Figure 4: Both exogenous serine and PHGDH expression support leukemia cell growth. (A) Bar graph represents the growth (%) of HL-60 leukemia cells transfected with either control or PHGDH siRNA and incubated for 48 hours in a medium with or without serine (n = 3). (B) Representative immunoblots for PHGDH and phospho-S6RP in the corresponding culture conditions.

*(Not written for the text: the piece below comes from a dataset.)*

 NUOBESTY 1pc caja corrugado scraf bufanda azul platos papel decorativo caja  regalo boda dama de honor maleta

Bar graphs represent the growth (%) of HL-60 leukemia cells (C) incubated in a serine-free (or serine-containing) medium (n = 3) or (E) transfected with a PHGDH shRNA (or a control shRNA), and incubated for 48 hours in a medium with or without Gln (n = 2). (D) Representative immunoblots of phospho-S6RP in the different conditions described in C; the immunoblot experiments were repeated 2–3 times with similar results. (F) Effect of Gln replenishment on HL-60 cell growth after 72 hours Gln withdrawal and transfection with either PHGDH or control siRNA (n = 6).

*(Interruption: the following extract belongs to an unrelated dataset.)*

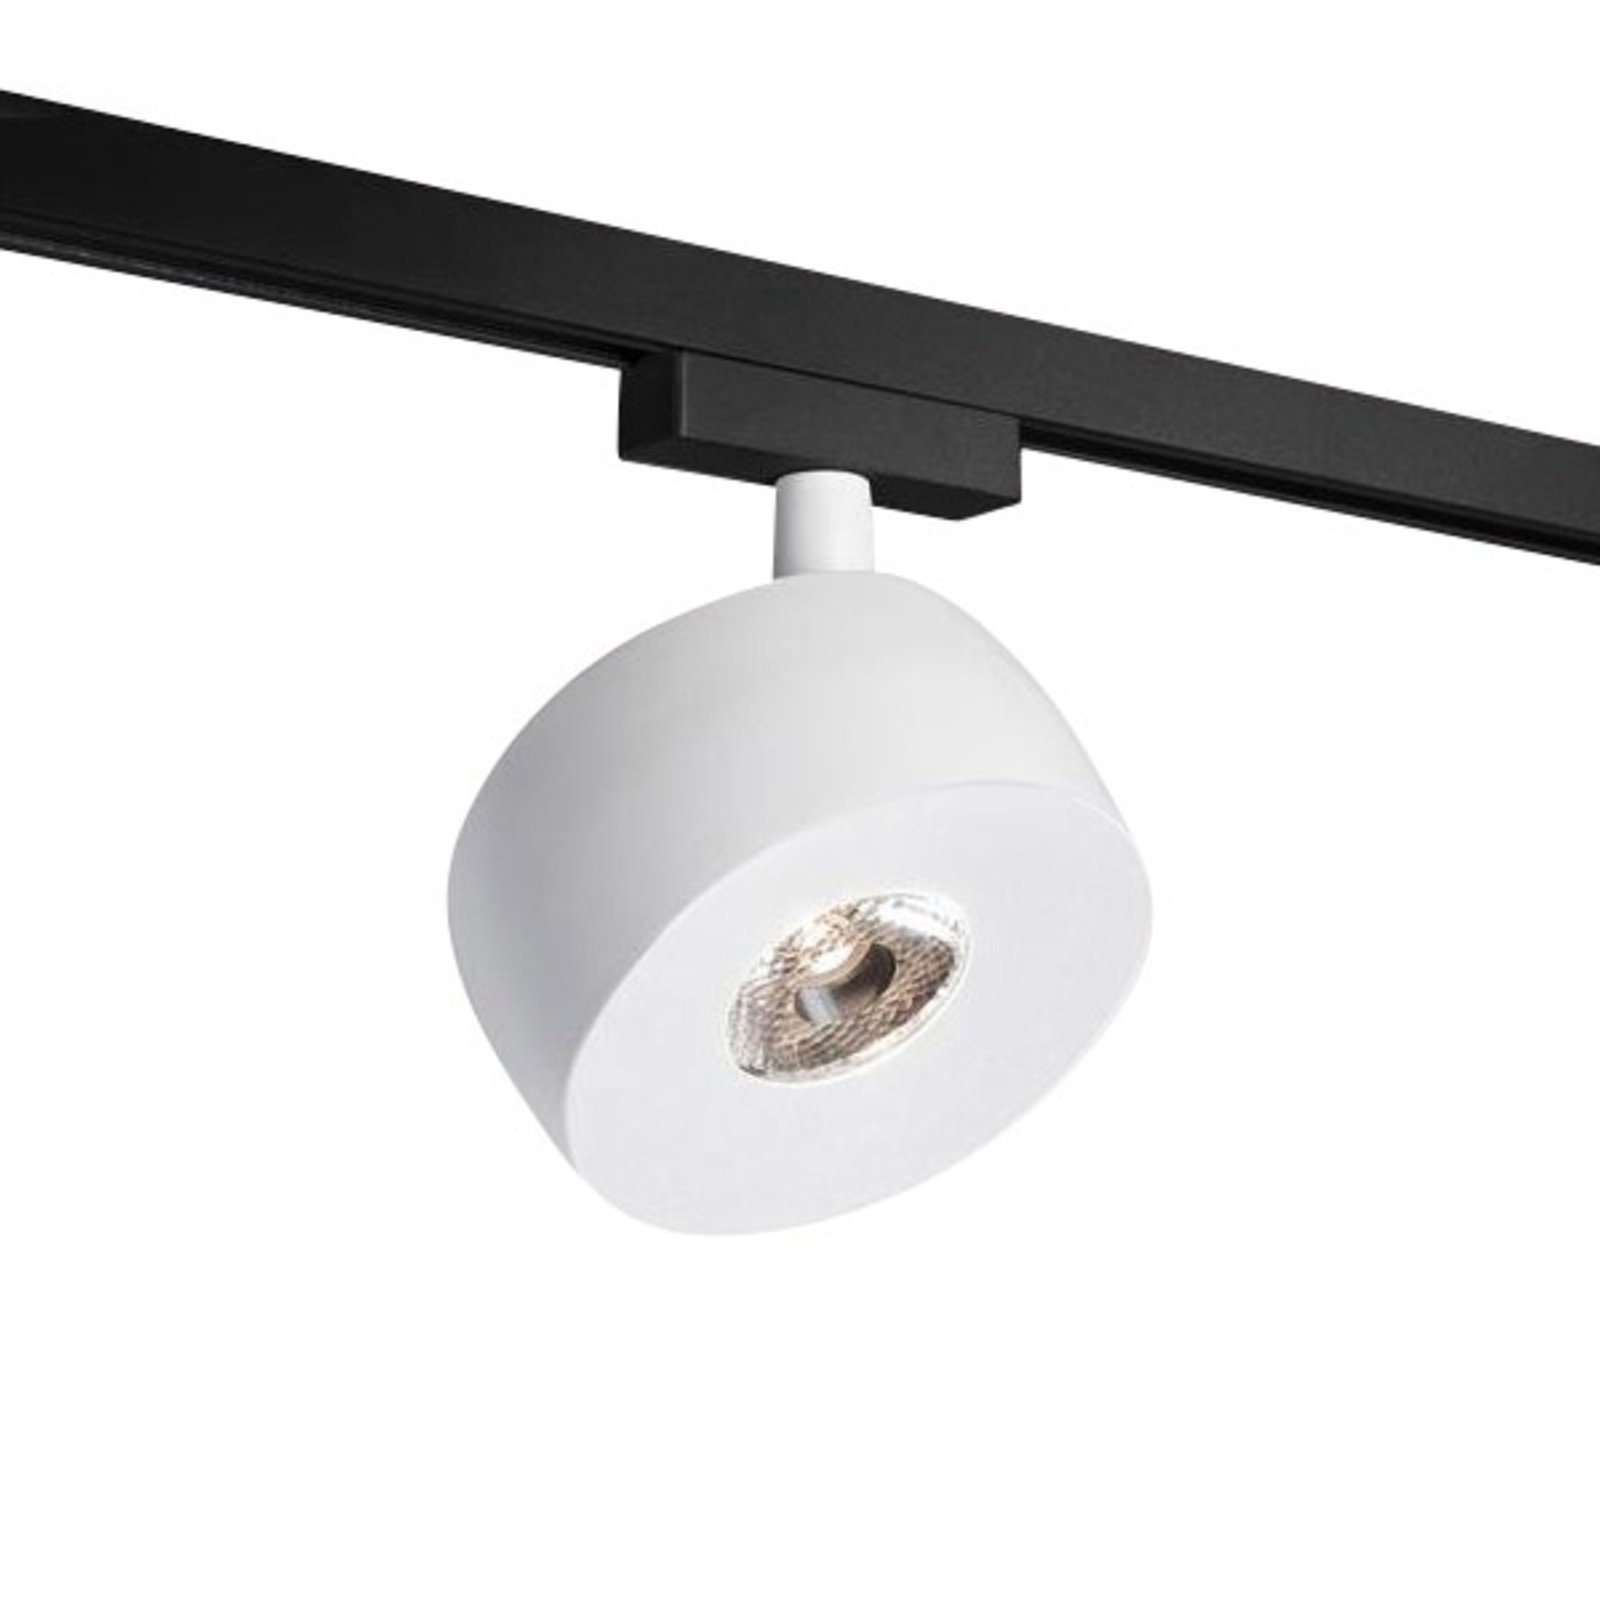 LED-skenspot Vibo Volare 927 vit/svart 35°

Serine contributes to protect leukemia cells against ROS production
Among the metabolic intermediates resulting from serine synthesis (and potentially relevant in non-proliferating Gln-deprived leukemia cells), we focused on the glycine/cysteine synthesis (see Figure 3B). Serine is indeed a precursor of these two amino acids that are necessary to form the anti-oxidant entity glutathione (GSH). We actually found that the amount of GSH was sensitive to change in Gln and serine availabilities (Figure 5A and 5B) and that ROS production was increased in Gln-deprived leukemia cells (Figure 5C). We also documented that cell exposure to H2O2 led to PHGDH protein upregulation (Figure 5D) and further increased the cytotoxic effects of PHGDH silencing in L-ase-treated cells (Figure 5E), thereby proving the role of PHGDH in the antioxidant defenses of leukemia cells.

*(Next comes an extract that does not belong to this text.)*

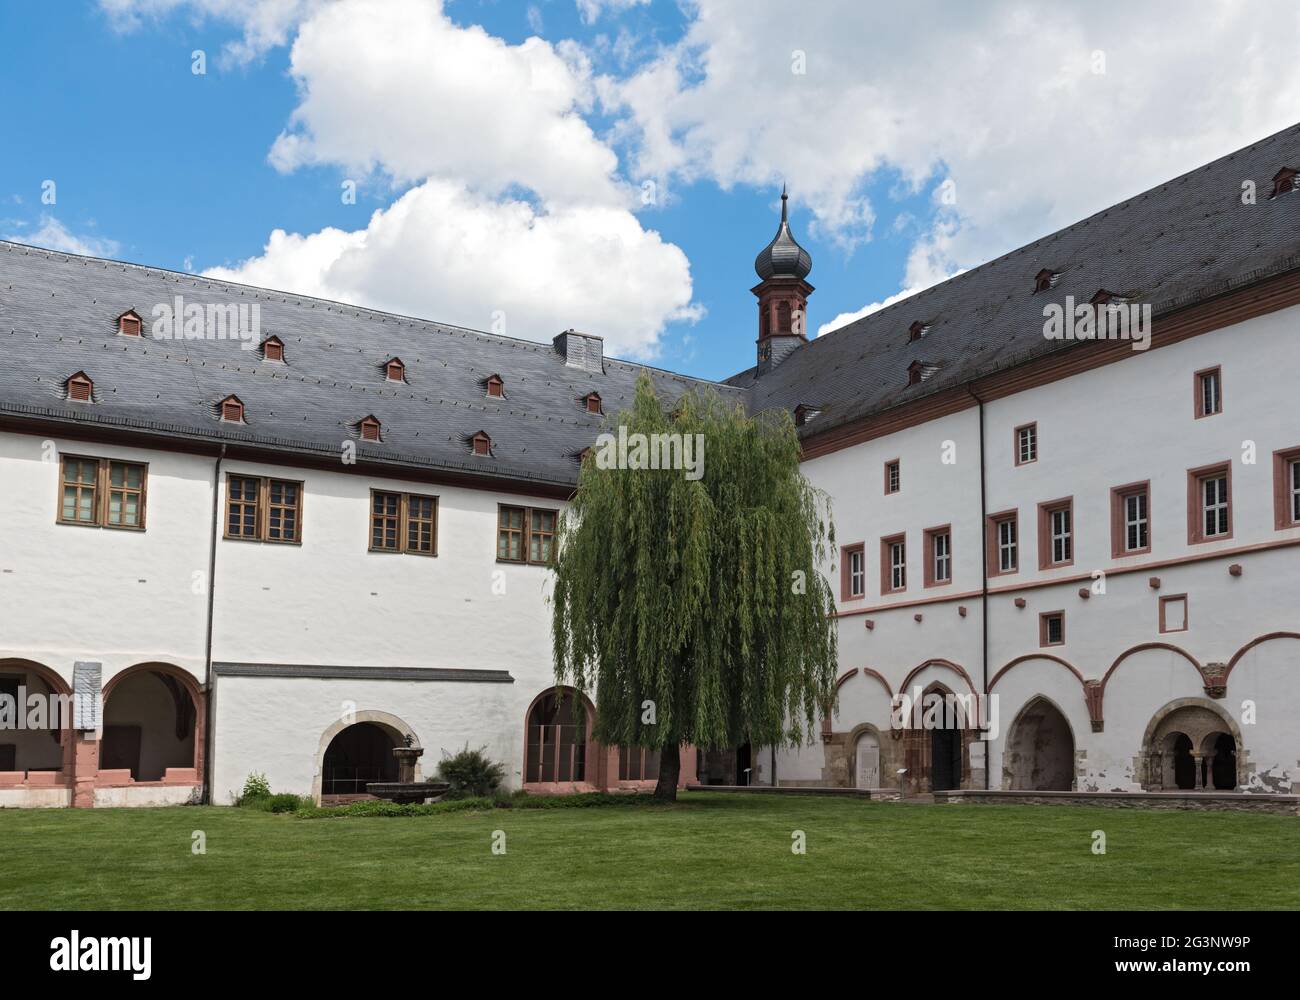 The famous monastery eberbach near eltville hesse germany Stock Photo

Figure 5: PHGDH expression allows to reduce the extent of oxidative stress induced upon Gln withdrawal. Bar graphs represent the amounts of total glutathione in HL-60 leukemia cells exposed to a medium (A) with or without Gln (for 6 hours) and (B) with or without exogenous serine (for 48 hours) (n = 3). (C) ROS production (as determined using the H2- DCFDA probe) in HL-60 leukemia cells exposed for 6 hours to a medium with or without Gln (n = 4). Effects of H2O2 (10 μM, 48 hours) on (D) the expression of PHGDH in HL-60 cells and (E) on the growth of HL-60 cells transfected with control or PHGDH shRNA and treated with L-asparaginase.
Reducing the serine availability increases the anti-proliferative effects of pharmacological inhibitors of the glutamine metabolism both in vitro and in vivo
We finally evaluated the effects of various pharmacological inhibitors of Gln metabolism on the proliferation of PHGDH knock-down leukemia cells. We found that the anti-proliferative effect resulting from PHGDH silencing (−40%, P < 0.001) was significantly increased in the presence of either asparaginase or inhibitors of glutamine uptake (GPNA) and glutaminase (CB-839, BPTES) (Figure 6A–6D). We then reasoned that if the serine pathway was so critical to support tumor cell proliferation when the metabolism of Gln was inhibited, serine starvation could have detrimental effects on the in vivo tumor growth when combined to the inhibitor of glutaminase BPTES. The poor tumorigenicity of HL-60 leukemia cells in vivo led us to consider another leukemia cell line (Ba/F3). We first validated in vitro that this other cell line was similarly sensitive to the combination of serine deprivation and BPTES; the effects were actually even more pronounced than those observed in HL-60 cells (see Supplementary Figure 3A–3D). We then evaluated in vivo whether serine starvation could prevent the adaptation of mice to the inhibition of the glutamine metabolism. We found that the dietary restriction of serine and glycine prolonged the life of Ba/F3 leukemia cell-bearing mice (Figure 6E). More importantly, when BPTES was administered to these mice, although it only slightly influenced the mouse survival, mice on the diet deficient in serine and glycine rapidly relapsed when the administration of the glutaminase inhibitor was stopped (Figure 6F).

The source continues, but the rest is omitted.